Students, in turn, tend to have a diverse view of opinions on how the University handles its drinking policy. While some think the University does a commendable job in keeping a sort of unity on campus, others feel that the Code of Conduct can be improved.
One sophomore, Mike Durik, believes that the on-campus drinking policy is a fair one. He disagrees, however, with the enforcement of that policy.
“I don’t necessarily think there is problem with the drinking policy, but there is a problem with how strictly it is enforced,” he said. “Public safety and the administration should be more lenient with regard to alcohol write-ups. We are here to study and have fun, just like every other student attending college, and the over enforcement of the alcohol policy takes away from that.”
Another student, fellow sophomore Chuck Sgammato, took a stronger stance against the campus’s alcohol policy. In his opinion, the University should do a better job of shaping a policy that meets the needs and interests of the students.
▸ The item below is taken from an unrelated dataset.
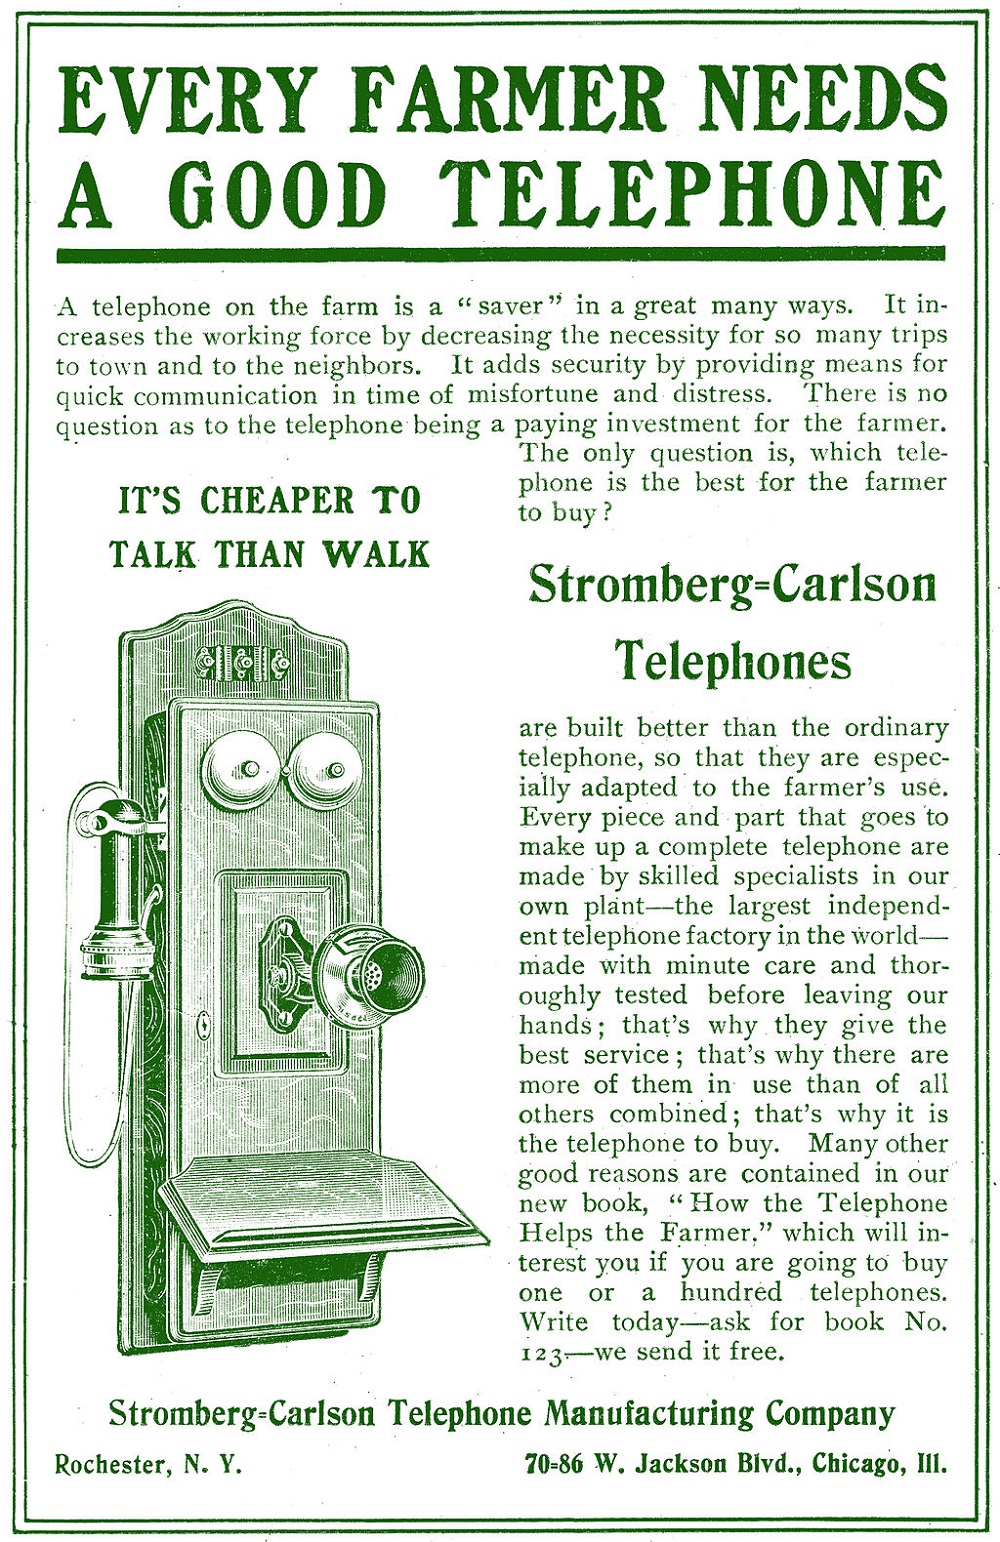 Stromberg-Carlson Telephone Manufacturing Co. Advertisement 1905. Credit to Wikipedia.

“Because the alcohol policy is so strict, and penalties can be so severe – up to hundreds of dollars in fines for just one offense – it makes students view drinking on campus as a rebellious thing to do,” Sgammato said. “They feel that if they can drink and get away with it, they’re cheating the system and getting away with something; they feel special. If the administration wouldn’t put drinking up on a pedestal and loosen the penalties, it wouldn’t be as appealing to sit in dorm rooms and drink.”
In addition, Sgammato believed that an increase in alcohol education courses, combined with community service hours, would help alter many students’ opinions on drinking altogether.
In regard to the relationship between the administration and the students, both Durik and Sgammato believed that an increase in the outreach from the administration could help students put a face to the names of the policy enforcers. In doing so, Sgammato believed that administration could become “more of a friend than a punisher,” helping improve the on-campus issue.
Pugh admits that the policy isn’t perfect, but he also acknowledges that no policy that is executed by humans can ever be perfect. Nevertheless, according to Pugh, the current policy has the interests of all students at heart.
“We really don’t want our students to get hurt,” he said. “It doesn’t mean we just take our hands off it and say that college students will be college students. Most Villanova students are honest, and they understand accountability. And most students ultimately learn from it.”